Using SEC Data, GAO Finds that TARP Recipients Have Subsidiaries in Offshore Tax Havens; Legislation Likely

By James Hamilton, J.D., LL.M.

A new GAO study reveals that an overwhelming majority of the 100 largest U.S. corporations in terms of 2007 revenue reported to the SEC have multiple subsidiaries in offshore tax havens. A number of the companies have received funds under the Emergency Economic Stabilization Act. The report was done at the request of Senators Carl Levin and Byron Dorgan, who have vowed to introduce legislation this year to stop tax haven abuse by companies, financial institutions and hedge funds. Legislation is likely to pass this year given President-elect Obama’s strong pledge to give Treasury the tools it needs to stop the abuse of tax shelters and offshore tax havens.

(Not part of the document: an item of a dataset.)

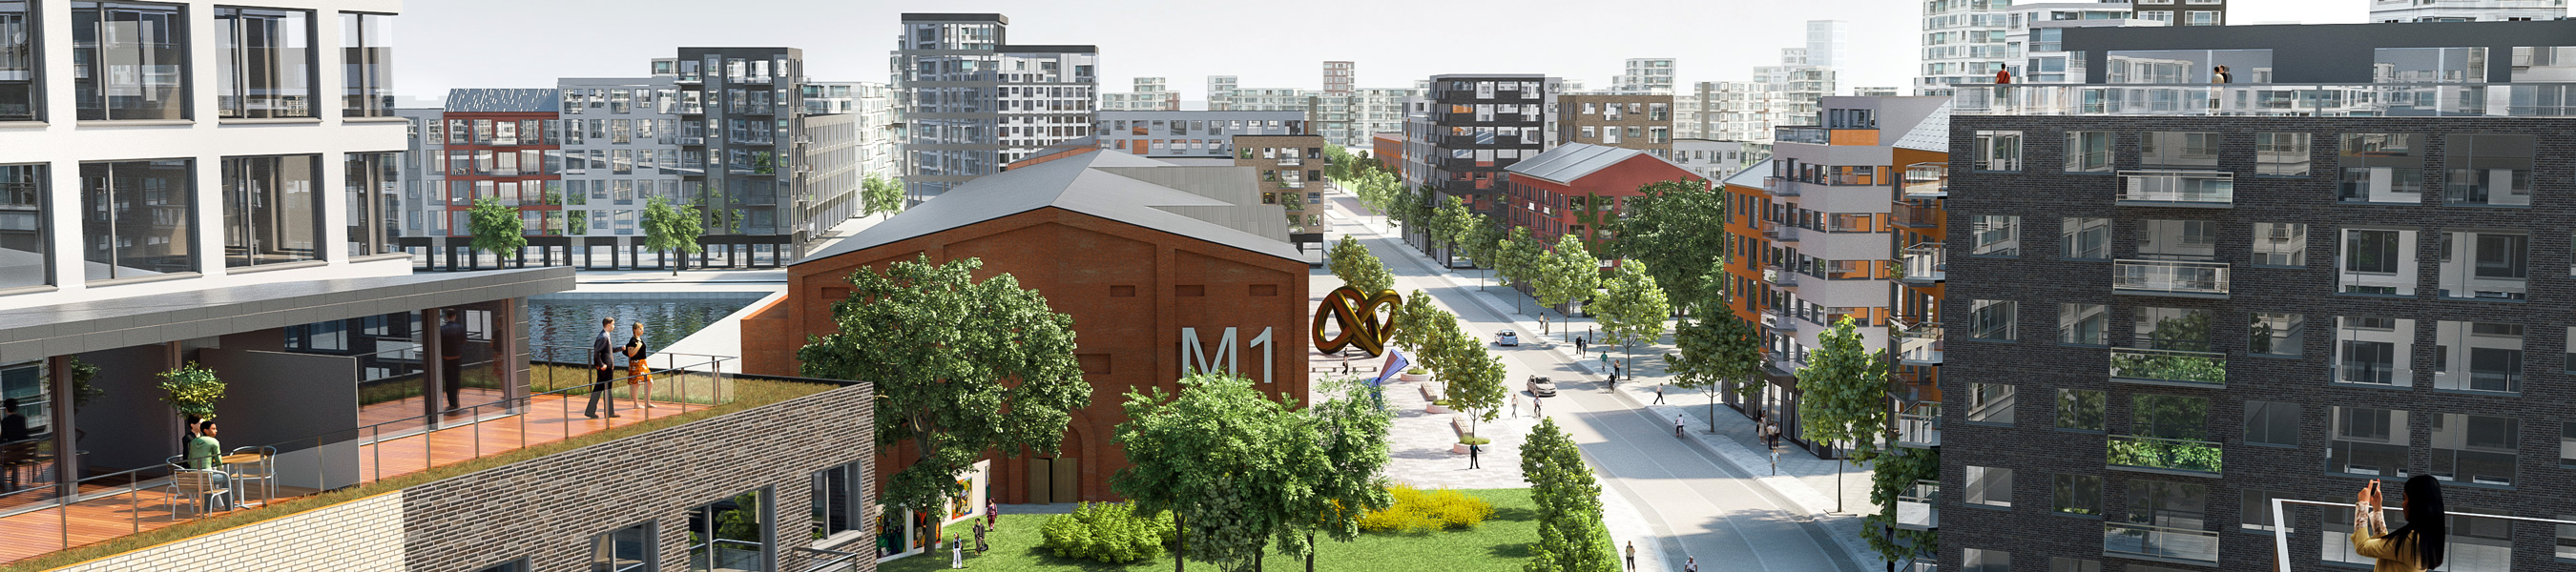 Visionsillustration som visar den stora tegelbyggnaden Magasin M1 i det färdigbyggda området i Nyhamnen. 

In the 110th Congress, Senator Levin and then Senator Barack Obama introduced a bill to stop offshore tax haven abuse. The Stop Tax Haven Abuse Act would have allowed U.S. tax and securities law enforcement officials to presume against the validity of transactions involving foreign tax havens identified in the Act. The bill would also have authorized Treasury to take special measures against foreign jurisdictions and financial institutions that impede U.S. tax enforcement.

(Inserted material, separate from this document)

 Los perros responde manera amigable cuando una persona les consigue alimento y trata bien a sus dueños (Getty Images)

The bill would also have required hedge funds to know their offshore clients by requiring them to establish anti-money laundering programs under Treasury regulations. The measure would have amended the Securities Exchange Act to impose a penalty for failure to disclose holdings or transactions involving a foreign entity. A companion bill was introduced in the House.

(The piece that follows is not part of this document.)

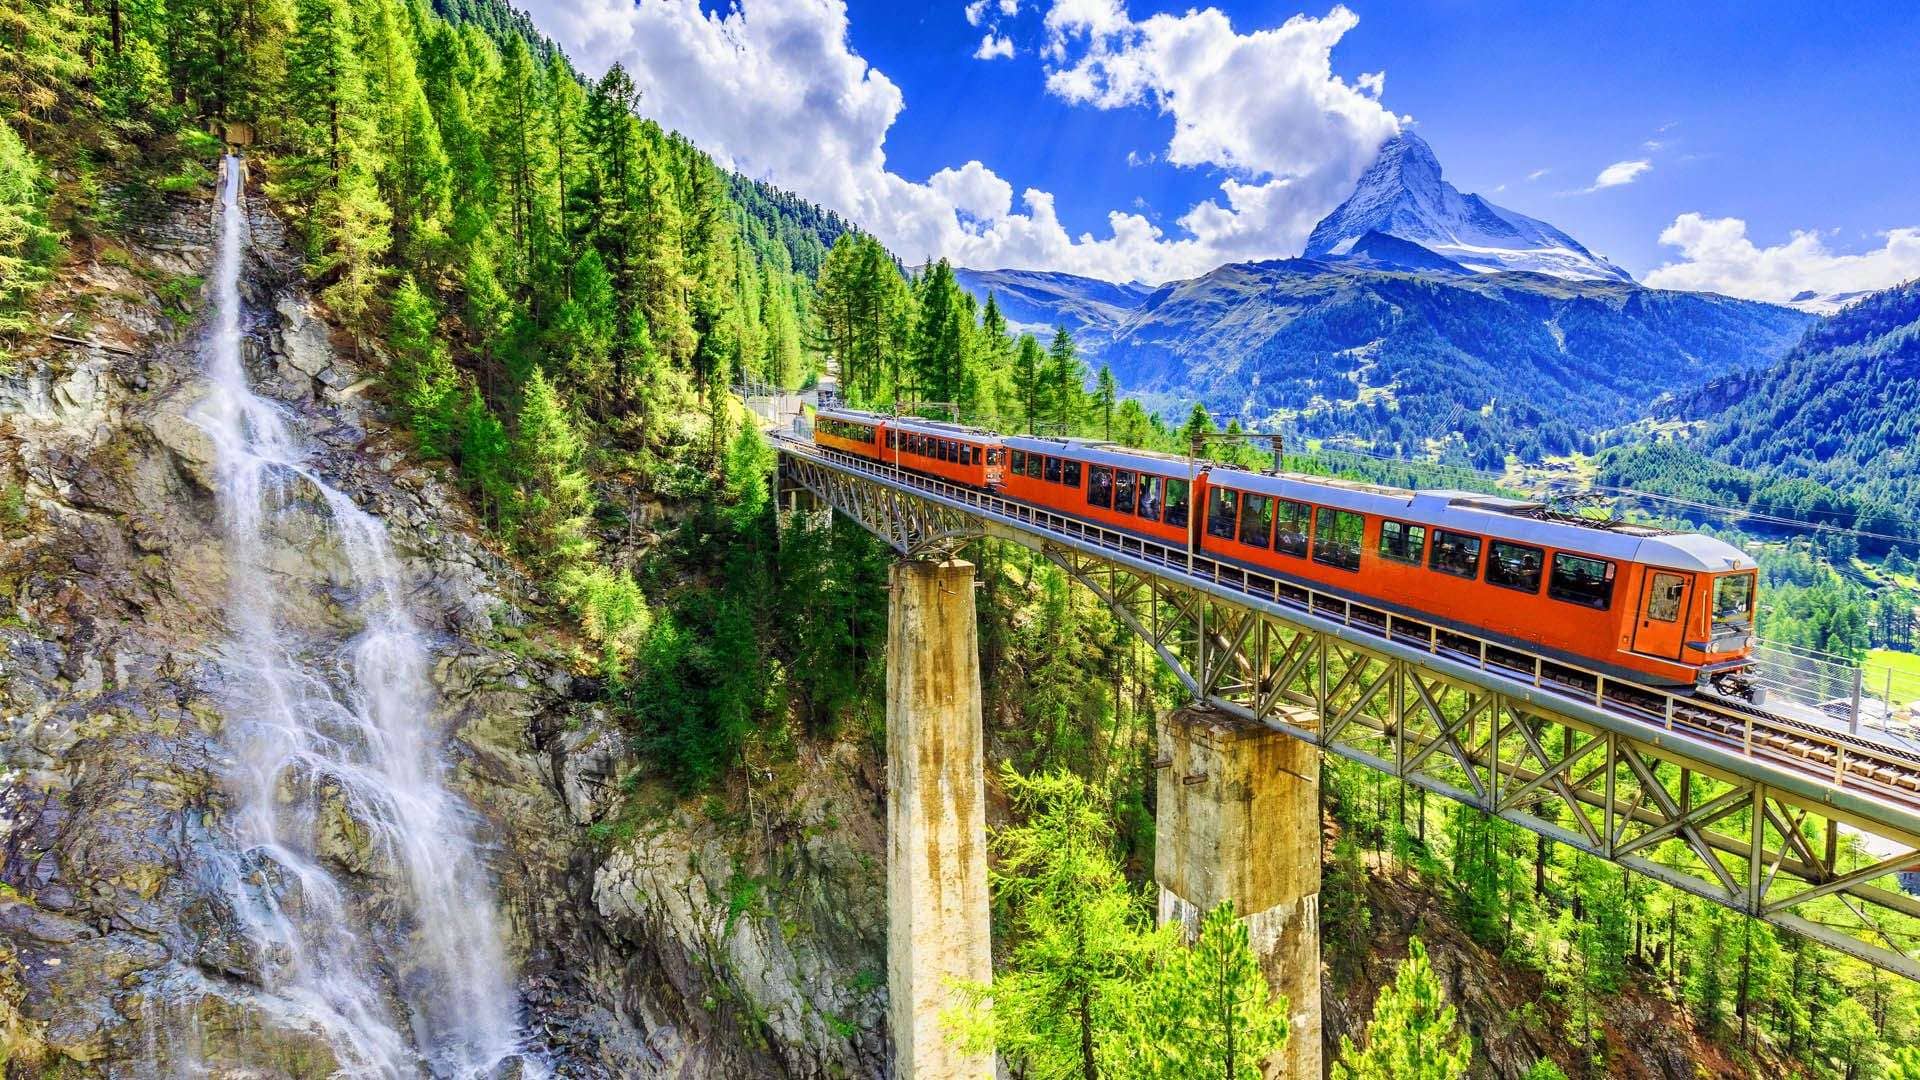 Scenic Train Ride to Interlaken

In conducting the study, the GAO used information filed with the SEC to determine where subsidiaries were located. Since the SEC only requires public corporations to report significant subsidiaries, the companies listed in the study could have additional subsidiaries under the SEC radar screen and thus underreported in the study.

While the existence of a subsidiary in a jurisdiction listed as a tax haven does not signify that a corporation established that subsidiary for the purpose of reducing its tax burden, noted the GAO, Treasury takes offshore tax evasion very seriously and has taken strong administrative and regulatory steps to address the problem.

GAO was unable to find a universal definition for a tax haven or an agreed-upon list of jurisdictions that should be considered tax havens. However, there is a consensus on the characteristics used to define and identify tax havens, including: no or nominal taxes; lack of effective exchange of tax information with US and other tax authorities; lack of transparency in the operation of legislative, legal, or administrative provisions; no requirement for a substantive local presence; and self-promotion as an offshore financial center.

The GAO used Form 10-K and Exhibit 21, which are included in the SEC’s EDGAR database to determine the locations of corporate subsidiaries based on the latest filings with the SEC. Since the principal executive officers, the principal financial officers, and a majority of the board of directors must sign the form filed with the SEC that includes the subsidiaries, GAO did not take additional steps to verify the accuracy of information found in EDGAR. Also, since the SEC only requires public corporations to report their significant subsidiaries, GAO was only able to identify the subset of corporate subsidiaries meeting the definition of significant subsidiary. The SEC considers a subsidiary to be significant if, among other things, the parent corporation’s and its other subsidiaries’ investments in the subsidiary exceed 10 percent of the consolidated total assets of the parent corporation and its subsidiaries.